Her eyebrows arched in a fine show of hauteur, as if he defiled her with his touch. She looked as she had the day in the jungle when she’d dismissed him so disdainfully. It irked now as it had then.
He didn’t give a damn how superior she acted. He wasn’t releasing her.
‘Where do you think you’re going?’
‘Back to your city apartment. Where else?’
She looked like an ice maiden, ready to freeze any male foolish enough to approach.
As if that would stop him! She could pretend all she liked but he knew better.
‘Good.’ Damaso said. ‘I’m ready to leave.’
He tucked her hand through his arm and strode out, oblivious to the curious crowd parting before them.
* * *
The short helicopter ride to his penthouse was completed in silence. Marisa sat with her face turned, as if admiring the diamond-bright net of city lights below, her profile calm and aristocratically elegant.
She ignored him, as if he was far beneath her attention. Anger sizzled. He wasn’t the ragged kid he’d once been, looking in on society from the outside. He was Damaso Pires. Powerful, secure, in command of his world.
Yet he’d watched those men eat her up with their eyes and rage had consumed him.
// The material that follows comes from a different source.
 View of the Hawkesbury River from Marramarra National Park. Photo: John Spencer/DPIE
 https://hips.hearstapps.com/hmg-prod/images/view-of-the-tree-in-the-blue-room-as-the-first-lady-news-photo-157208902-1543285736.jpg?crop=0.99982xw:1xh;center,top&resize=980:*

Rage and jealousy.
The realisation hit him with full force.
He didn’t do jealousy.
Damaso shook his head.
He did now.
Is that why he’d been so tactless? He had a reputation for sophistication but tonight he’d felt out of control, trapped in a skin that didn’t fit.
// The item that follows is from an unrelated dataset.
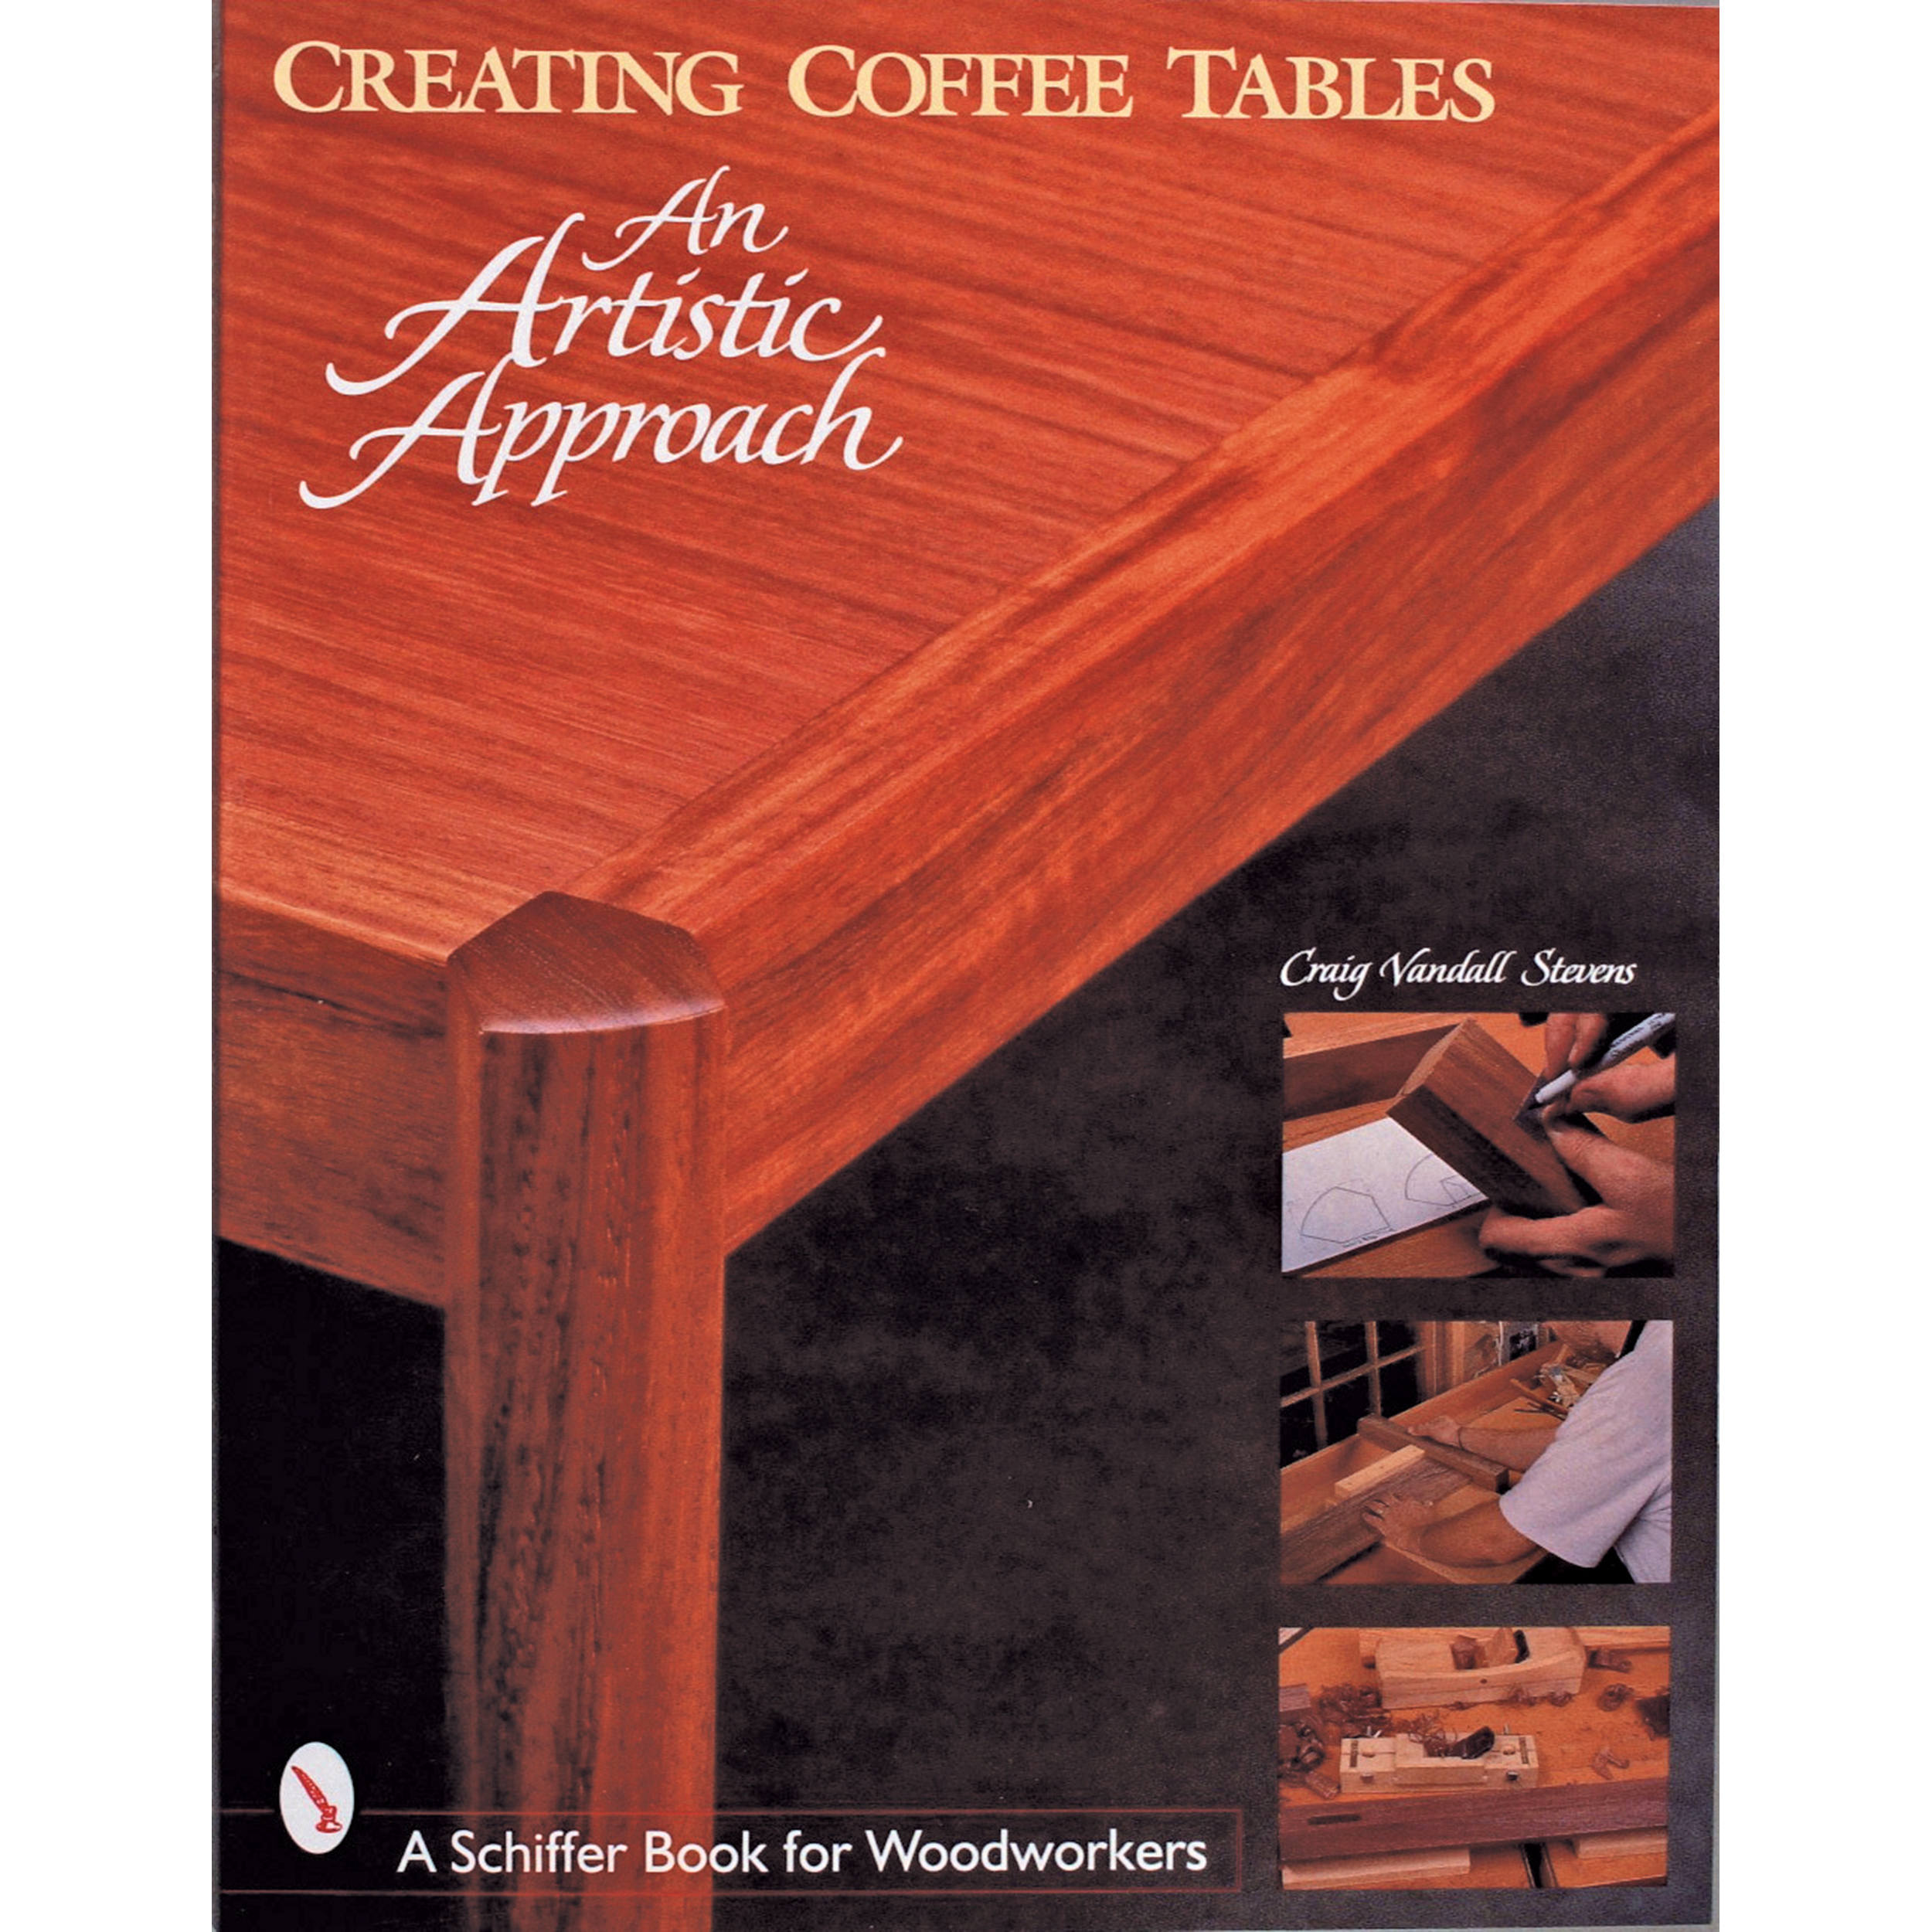 Creating Coffee Tables: An Artistic Approach

The chopper landed and soon they were alone in his apartment.
If he’d thought she’d shy from confrontation, he was wrong. Marisa swung around, hands on hips, before he’d done more than turn on a single lamp. In her glittering stilettos, with sapphires at her throat and her short, couture dress swinging around her delectable legs, she looked like any man’s dream made flesh.
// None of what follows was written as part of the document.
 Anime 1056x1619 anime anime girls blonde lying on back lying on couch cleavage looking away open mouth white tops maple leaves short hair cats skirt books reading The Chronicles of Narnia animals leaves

But it was her eyes that drew him. Despite their flash of fury, he saw shadows there.
He’d done that.
‘I’m sorry.’ He’d never said that to any woman. Even now he couldn’t quite believe he’d spoken the words. ‘I overreacted.’
‘You can say that again.’ Absurdly her combative attitude made him want to haul her close and comfort her. In the past, he’d have walked away from a woman who wasn’t totally compliant. But Marisa hooked him in ways he didn’t understand.
‘I didn’t think you’d been drinking or having sex.’ Damaso paused. He could have phrased that better.
‘And I’m supposed to be impressed by that?’
‘No.’ He ploughed a hand through his hair, frustrated that for the first time the words hadn’t come out right. Usually persuading a woman was easy.
‘I’m tired, Damaso. This can wait.’ She turned away.
‘No!’ He lowered his voice. ‘It can’t. On the island, we got on well.’
‘And?’
‘And I want to understand you, Marisa.’ It was true. For the first time in his life, he wanted to know a woman.
What did that mean?
‘I want you to trust me.’ That was better. Women loved talk of trust and emotions.
‘Trust?’ Her voice was harsh. ‘Why should I trust you? We spent one night together. I don’t recall trust being high on your agenda then.’
She clasped her hands, fingers twisting. The movement made her look young despite her expression of bored unconcern, making him recall his suspicion that she threw up defences to hide pain.
‘Your eagerness to leave once you’d had your fill was downright insulting.’ Her jaw angled high but didn’t disguise the flush of colour across her cheekbones.
An answering rush of heat flooded his belly. Shame? He wasn’t familiar with that emotion either.
Whenever he remembered that dawn confrontation, he focused on her disdain. It was easier to concentrate on that than the fact he’d bolted out of her bed, scared by the unaccustomed yearning that had filled him. It wasn’t pressing business that had moved him, but the innate knowledge this woman was dangerous to his self-possession in ways he hadn’t been ready to confront.
He hadn’t stopped to think of her. Now he did.